Вот промелькнули лиловые трепетные крылья облаков, будто машина нырнула в стаю сказочных птиц, вот уж и огромное жерло вулкана зачернело впереди, спадая серыми ребристыми скатами в неведомую глубь.

Стрелки приборов на передней панели лихорадочно забились на крайних отметках.

Винтолёт вздрогнул, на мгновение, проваливаясь в пустоту под собой.

— Давай! — скрепя зубами прохрипел Чад. — Давай, железка, чёртова!

Сквозь выгнутое куполом стекло уже были видны блестящие золотом на солнце странные шары и переплетения каких-то сетчатых конструкций — вот он проклятый излучатель!

«Девочка моя! Я иду к тебе, солнышко!» — последняя мысль промелькнула в голове у Чада, и он уверенно направил винтолёт в жерло вулкана, свободной рукой запустив таймеры на плазменных бомбах.

Через несколько долгих минут окрестности сотряс страшный взрыв. Старая гора сначала вздрогнула, а затем изрыгнула из себя грозное пламя, и покатились по её склонам тяжёлые осколки взорванной породы, заклубился дымный смерч, достигая самого неба, пронизывая его чёрным столбом.

Люди внизу в страхе и ужасе наблюдали, как древняя гора рассыпается на громадные куски и извергает из себя раскалённую лаву, с шипением поползшую вниз, сжигая всё на своём пути.

Глава 2 Будет людям счастье, счастье на века!

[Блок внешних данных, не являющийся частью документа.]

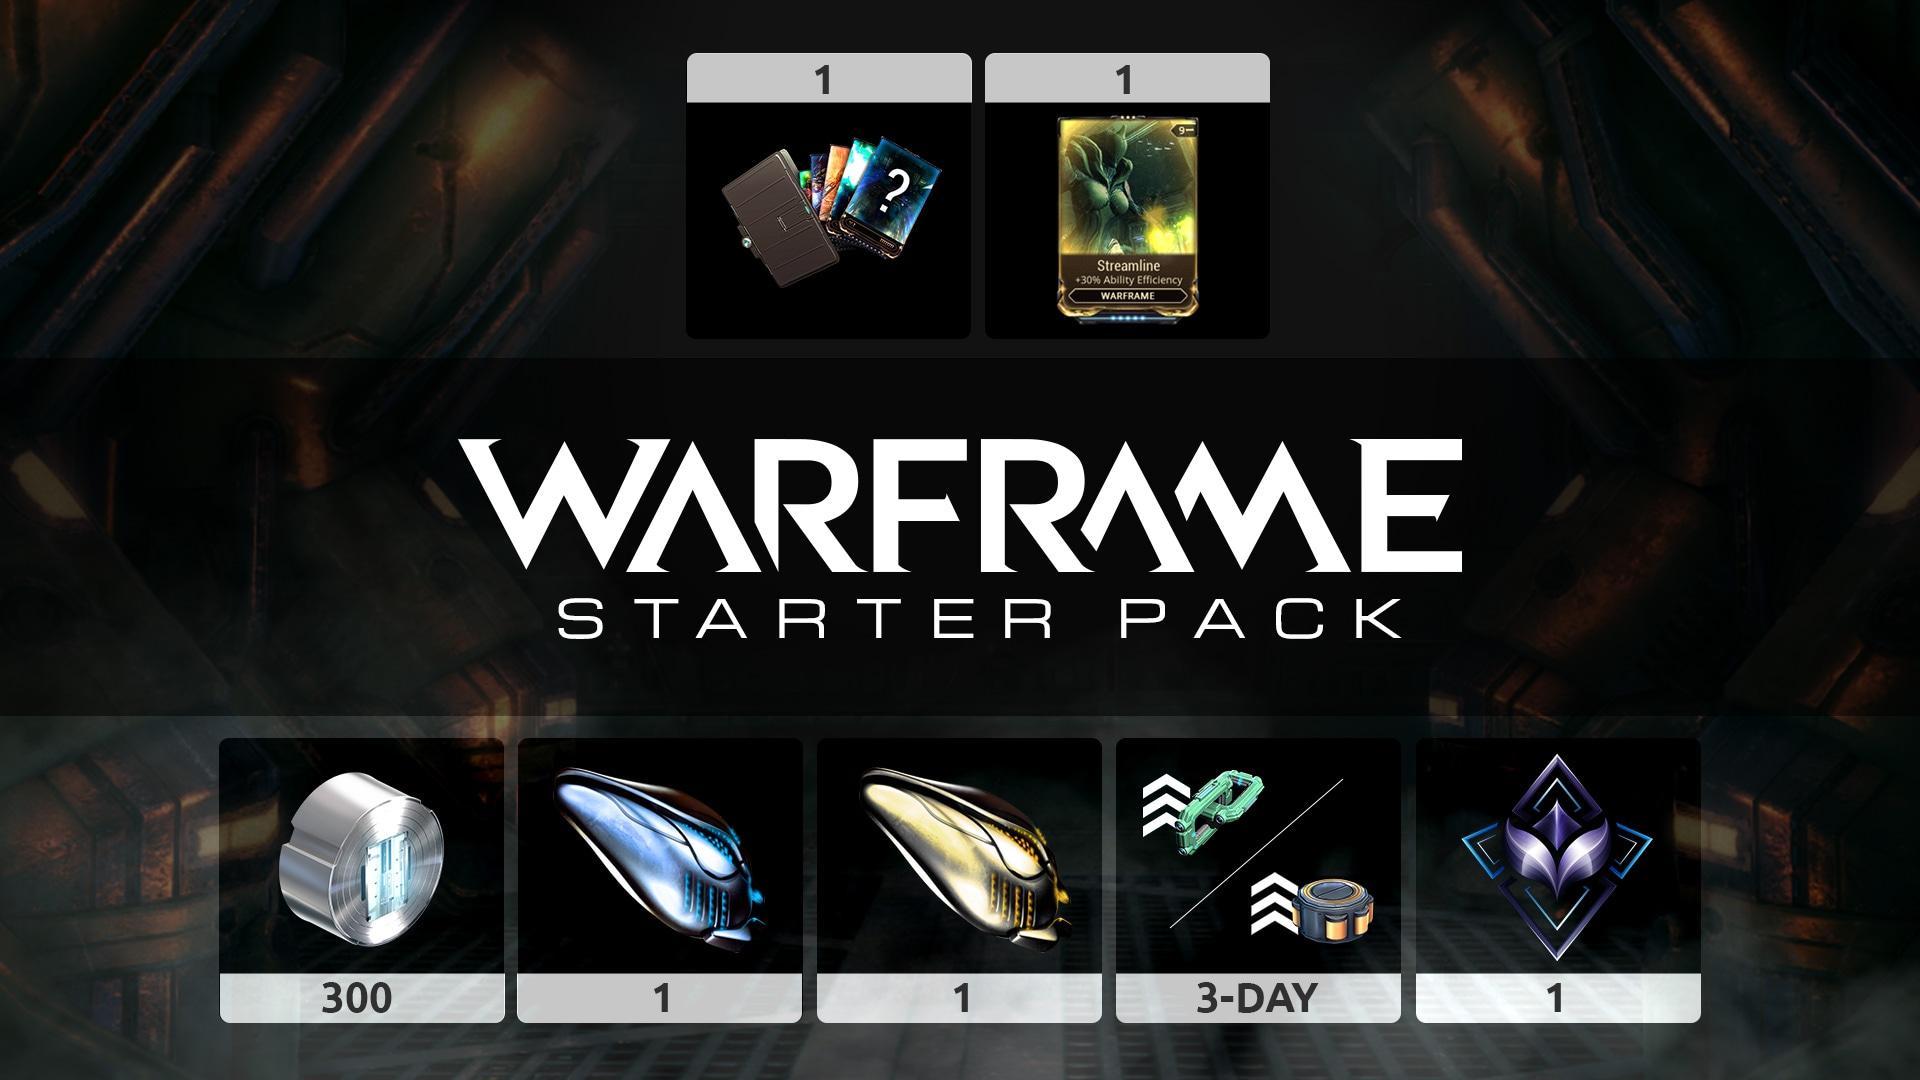 Warframe: Starter Pack (PC) - Warframe Key - GLOBAL - 3

Шестнадцатый год новой биографии: новое летоисчисление, новые невиданные темпы развития планеты и людей. Пантеоны, воздвигнутые в честь прежних правителей в обеих столицах, были снесены к всенародной радости, несколько тысяч олигархов были арестованы народной властью и лишились всего награбленного ими за долгие годы правления клептократического режима. Эти богатства были направлены на возрождение планеты, на строительство городов, заводов, верфей, электростанций. Особняки сановников и олигархов были отданы под школы, детские сады, больницы и санатории для простых людей и их детей.

Наступило время созидания, а не разрушения. Статьи газет о новостройках второй пятилетки напоминали фронтовые сводки. Пуск нового завода или фабрики, железнодорожной ветки, создание новой турбины для электростанций отмечались как невиданные победы с вековой отсталостью гивейского общества. Новая Гивея постепенно, но неуклонно возрождалась, преображаясь в развитую технико-экономическую цивилизацию.

Собравшийся в одной из столиц объединённый Пленум народных депутатов призвал рабочих и служащих по всей планете мобилизовать все силы на полное выполнение народно-хозяственного плана первого года второй пятилетки.

Что же объединяло всех этих людей? Что заставляло их отдавать все силы, всего себя делу, которое многим ещё вчера казалось фантастическим. Вряд ли, кто-то из них знал простой ответ на этот вопрос. Возможно, в большинстве своём они ответили бы так: «Нужно работать не за деньги, не за кусок хлеба, а за идею! Нужно чувствовать эту идею — каждый день, каждый час, каждое мгновение!».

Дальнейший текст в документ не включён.